A corrosion-detection pig (CDP) uses the magnetic flux-leakage principle with sophisticated digital signal-processing computers. It is equipped with two rows of sensors which allow differentiation between internal and external metal losses (Fig. 5).

Internal pitting was precisely detected. Some external pits and internal general corrosion were also detected in some parts of the surveyed pipelines. General corrosion appraisal had to be adjusted by external checks. The inspection of an offshore 10-in. line necessitated replacement of 1.5D bends at the receiving trap and a slight modification of the tool to pass two dents detected by the EGP.

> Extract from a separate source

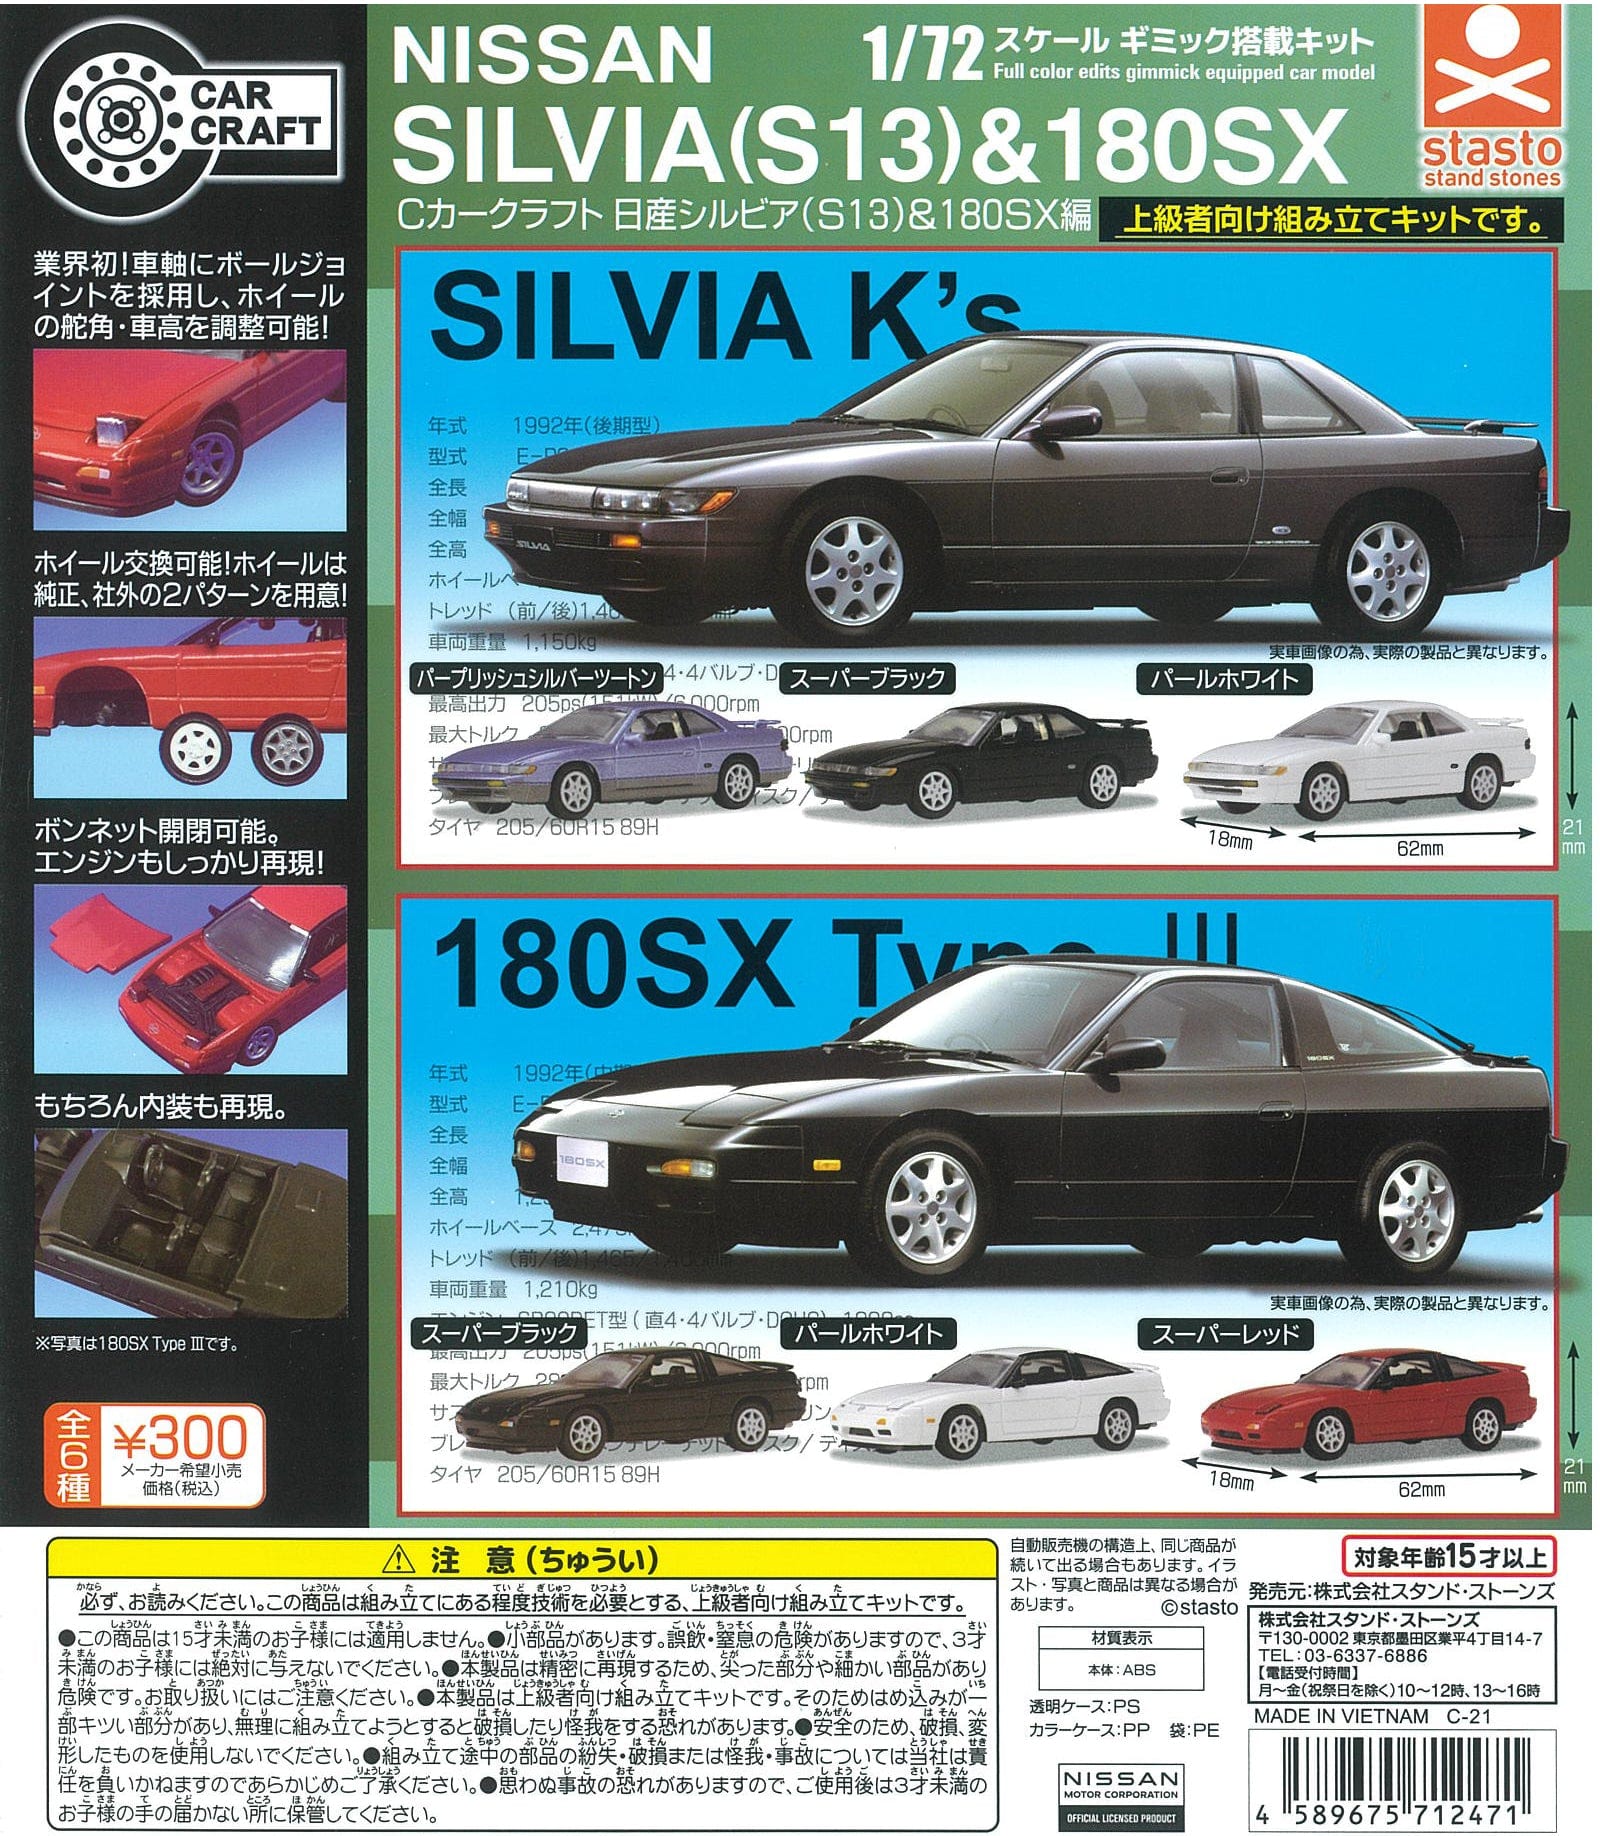 Stasto Stand Stone CP1210 C Car Craft Nissan Silvia (S13) & 180SX Ver.

Inspection of 16-in. and 20-in. offshore lines fitted with 1.5D 90 bends will need a complete redesign of the tool. Differentiation between internal and external corrosions will be tried with two runs, the second being carried out after modification of the magnetization system.

The use of intelligent pigs is of course easier in the newer pipelines designed for that purpose. The Rabi North pipeline was inspected last year for a reference status, 2 years after installation.

EXPERIENCE

The experience acquired by Elf Gabon over 30 years of pipeline operations leads to some conclusions concerning protection and inspection:

  • Corroded lines have been replaced with 20 km of new lines, which can be compared with the total present length of lines (1,080 km).

  • Internal corrosion was the cause of most of the trouble. It was due to CO2 in polyphasic pipes, residual oxygen and SRB in injection water pipes, and bacterial corrosion in oil pipelines.

  • External corrosion (OGJ, Apr. 1, p. 49) was limited to a few cases caused either by atmospheric marine exposure with frequent wetting or by disbanded coatings on buried pipe.

  • Performance of internal-inspection monitoring programs was generally satisfying. However, improvements are necessary for bacterial corrosion appraisal.

  • Internal inspection with intelligent vehicles is the only way to define exactly the corrosion status of pipelines.

REFERENCES

  1. Crolet, J. L., "Acid corrosion in wells (CO,, H2S), Metallurgical aspects," Journal of Petroleum Technology, August 1983, pp. 1553-1558.

  2. Bonis, M. R., and Crolet, J. L., "The nature of the CO2 corrosion of steels in oil and gas wells, and the corresponding mechanisms," Materiaux et Techniques, February-March 1985, pp. 55-64.

  3. Bonis, M. R.. and Crolet, J. L., "Experience in the use of 13% Cr tubing in corrosive CO2 fields," Proc. International Symposium on Oilfield and Geothermal Chemistry (Phoenix, 1985), SPE paper 13552, pp. 37-44.

  4. Roche. M., Samaran, J. P., and Larcher, E., "The influence of operating conditions on the behavior of coatings exposed to petroleum fluids," Proc. 10th International Congress on Metallic Corrosion (Madras, India, 1987).